This page provides a high-level explanation of the carbon.txt validator and its architecture.
The carbon.txt validator is a command-line tool (CLI) as well as a deployable API. The main purpose of the validator is to read the content of carbon.txt files and validate them against a spec defined on http://carbontxt.org.
The code for the validator is open source, and can be found on GitHub. Further, more detailed, documentation can be found at https://carbon-txt-validator.readthedocs.io/en/latest/.
The following diagrams use the C4 model for describing software architecture to describe how the Carbon.txt validator is designed.
The context view demonstrate how we expect the the validator to be used by end-users.

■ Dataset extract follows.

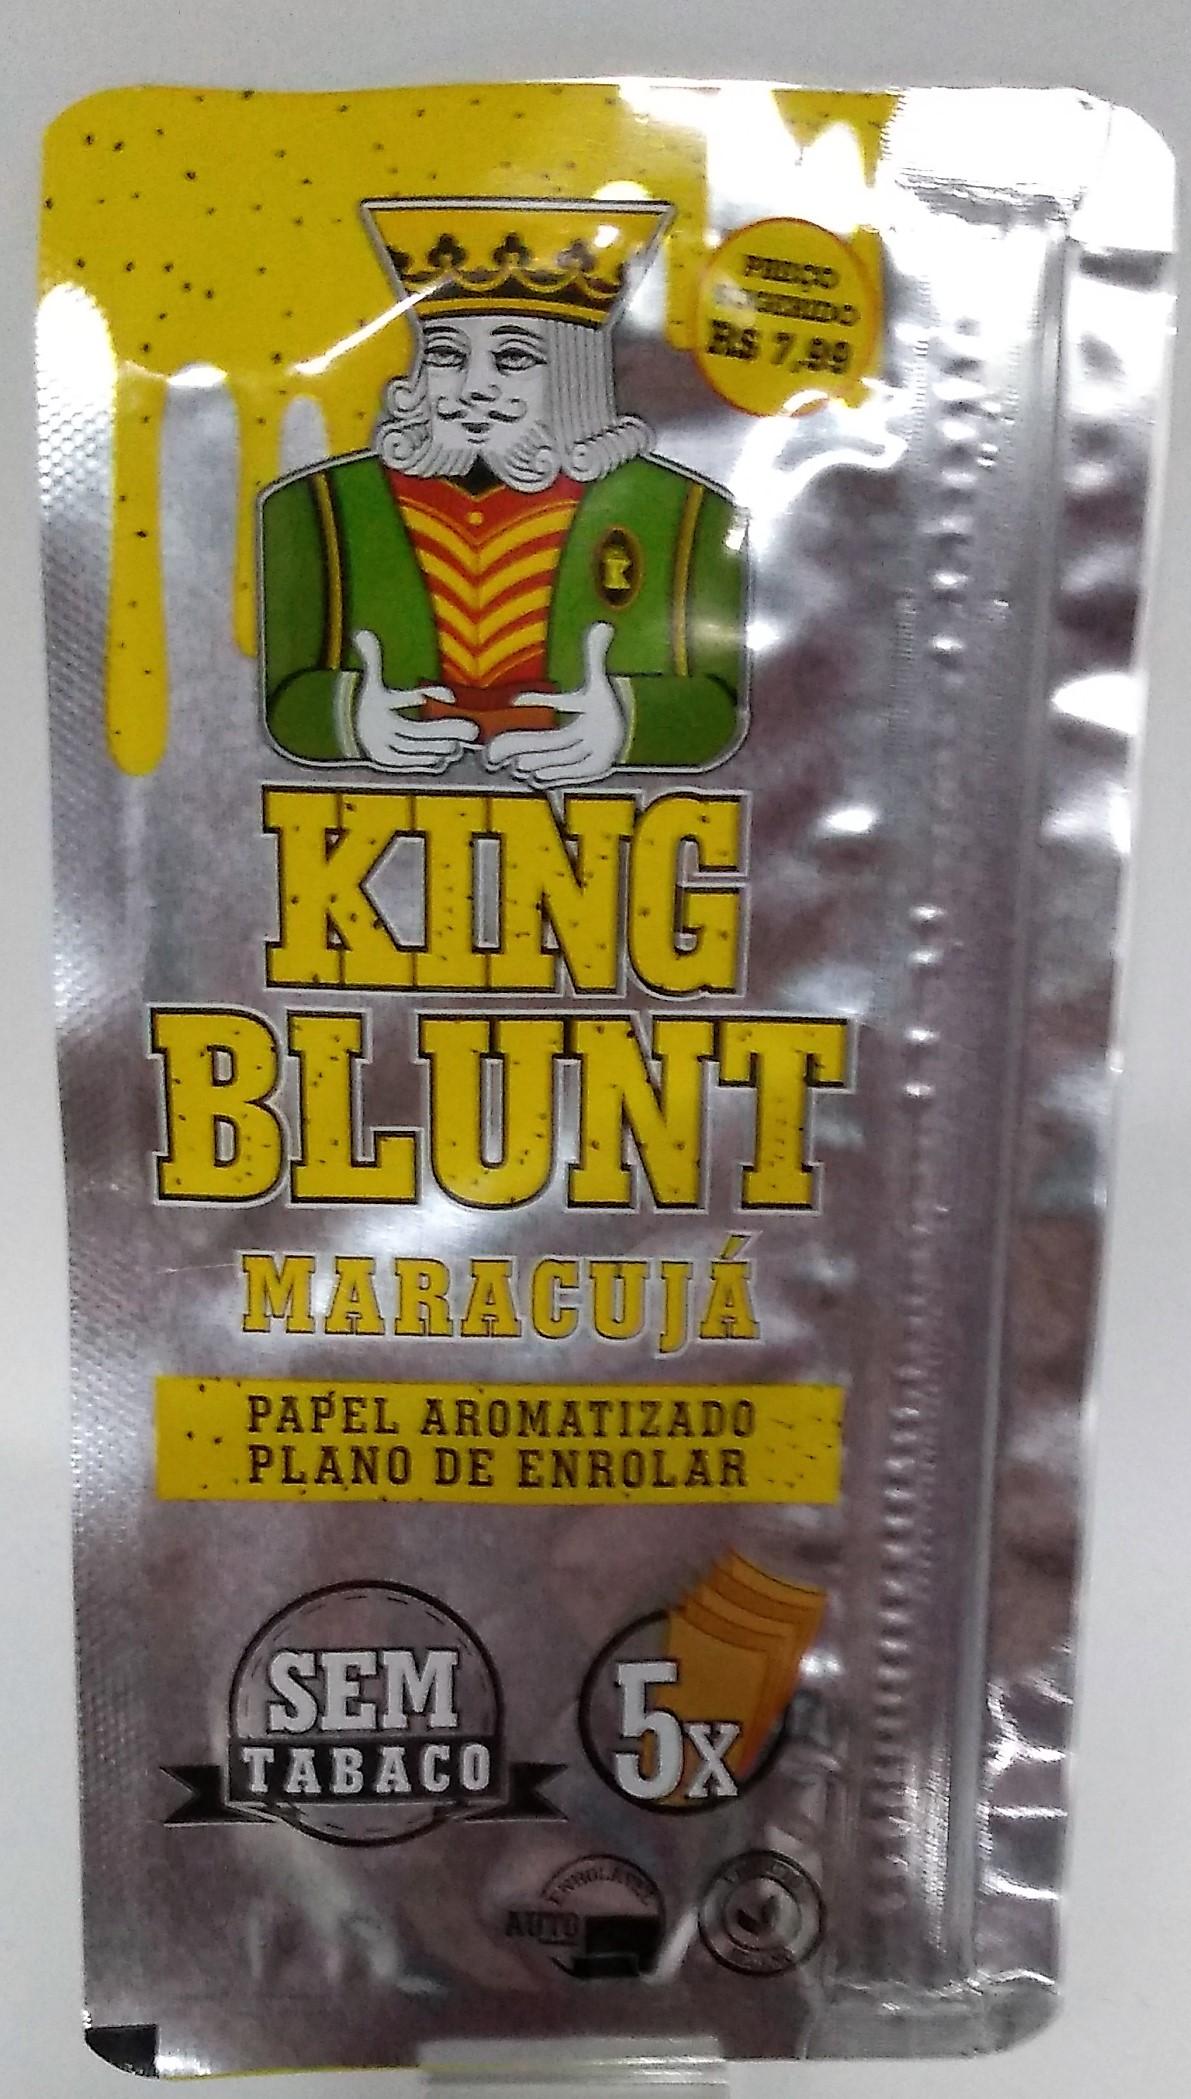 Papel Blunt King Blunt Maracujá

These might be people using the validator via the carbon.txt website, as command line tool, or in a data pipeline,
In all cases the key idea is that the validator is designed to run lookups against a given domain, to find the published sustainability data for later processing.
The validator is designed to work as a single deployable unit. This might be as a server providing an API, or as part of a batch job, running on a periodically on an existing host.
The carbon.txt validator is split into a series of components, with clear divisions of responsibility
We cover these in more detail below
A Finder is responsible for locating and fetching a files, either from remote sources or from local paths on the same machine. It's the only part of the system that makes outbound network requests. They are expected to make DNS lookups, and HTTPS requests, local path resolution, and they are responsible for handling related retry and failure handling logic.
They are responsible for sending along strings or datastructures to Parsers and Processors. When links to remote files exist in parsed carbon.txt files, the finders handle finding and fetching too.
The intention is to keep the logic for similar tasks related to finding and retrieving file in one place.
Parsers in this context are primarily responsible for checking that a datastructure, or contents of a retrieved carbon.txt file meet the expected format and structure.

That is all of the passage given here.